P1.5.6 — Cost Accounting — Execution Packet
Round: R92 Wave 5 of 7
Branch: feature/p1-5-6-cost
Base: origin/main @ c284ad22
Audit: p1-5-6-cost-audit.md
Contract: p1-5-6-cost-contract.md
1. Files to create / modify
| Path | Operation | Approx. LOC | Notes |
|---|---|---|---|
src/domains/router/cost.ts |
CREATE | ~280 | Module-level state map; computeCostUsd, recordRouterCall, getRouterStats, resetRouterStats, ROUTER_LATENCY_RING_SIZE. |
src/__tests__/domains/router/cost.test.ts |
CREATE | ~400 | ~25 tests covering all I-COST-* and I-AGG-* invariants. |
src/domains/router/fallback.ts |
MODIFY | +50/-10 | Append costUsd + modelsAttempted to RouteResult; wire recordRouterCall in 2 sites; track modelsAttempted across walk; populate from cost.ts. |
src/__tests__/domains/router/fallback.test.ts |
MODIFY | +120 | New describe block “RouteResult cost + modelsAttempted” with ~5 tests. |
src/domains/router/index.ts |
MODIFY | +1 | Barrel re-export of ./cost.js. |
2. Execution sequence
Step 4.A — Create src/domains/router/cost.ts
The module exports:
- Constant
ROUTER_LATENCY_RING_SIZE = 1000. - Type
RouterStats(frozen-shape). - Type
RouterCallRecord(input torecordRouterCall). - Function
computeCostUsd(modelId, p, c, snap?) → number. - Function
recordRouterCall(modelId, record) → void. - Function
getRouterStats() → { models: Readonly<Record<ModelId, RouterStats>> }. - Function
resetRouterStats(modelId?) → void.
Module-level state:
interface MutableAgg {
calls_total: number;
successes: number;
failures: number;
total_cost_bps_int: bigint; // sum across successes; pre-divided by 1000 (kilotokens), still in bps
latencies: number[]; // length capped at ROUTER_LATENCY_RING_SIZE
ringHead: number; // next write index, 0-indexed
ringFilled: boolean; // true after first wraparound
}
const aggMap: Map<ModelId, MutableAgg> = new Map();
getOrCreateAgg(modelId) lazily initialises an entry.

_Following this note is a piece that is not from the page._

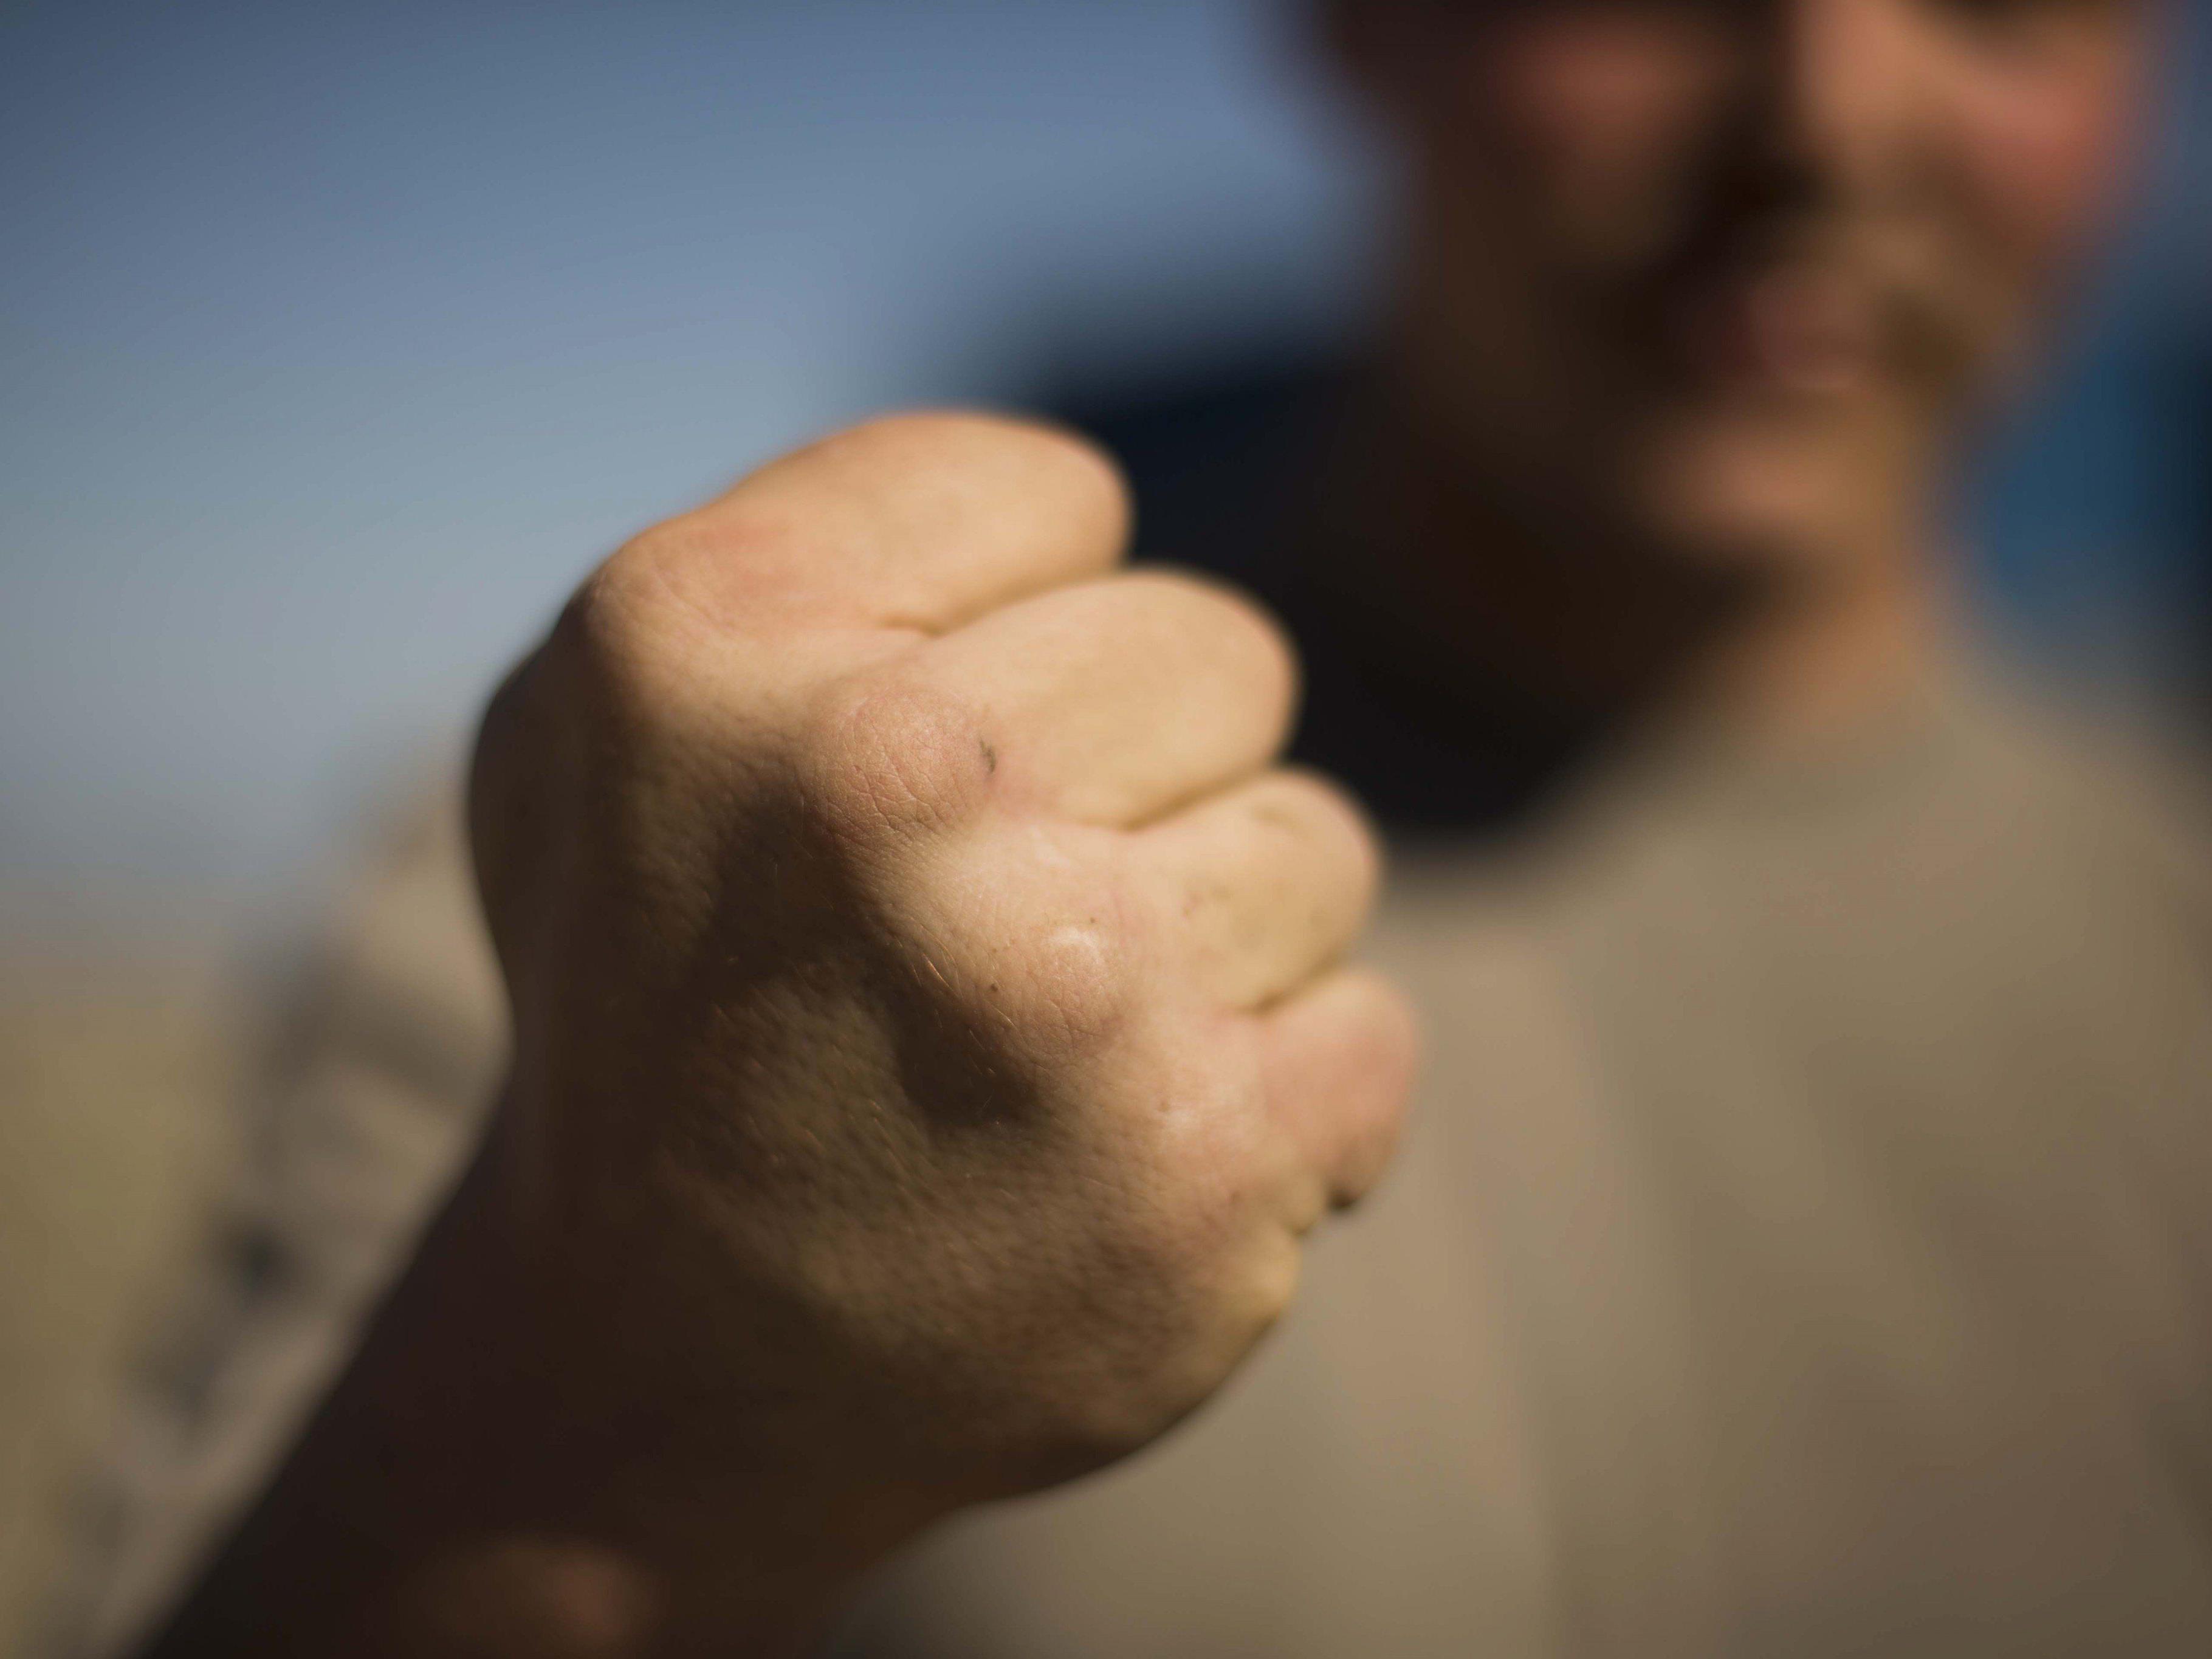 Sechs junge Männer wegen brutaler Attacke vor Gericht.

Step 4.B — Implement computeCostUsd
export function computeCostUsd(
modelId: ModelId,
promptTokens: number,
completionTokens: number,
candidatesSnapshot?: ReadonlyArray<ModelCandidate>,
): number {
if (
!Number.isFinite(promptTokens) ||
!Number.isFinite(completionTokens) ||
promptTokens < 0 ||
completionTokens < 0
) {
return 0;
}
const totalTokens = promptTokens + completionTokens;
if (totalTokens <= 0) {return 0;}
if (candidatesSnapshot === undefined) {return 0;}
const c = candidatesSnapshot.find((row) => row.model_id === modelId);
if (c === undefined) {return 0;}
const bps = c.cost_bps_per_kilotoken;
if (!Number.isFinite(bps) || bps <= 0) {return 0;}
// Integer-bps math; single divide at the edge.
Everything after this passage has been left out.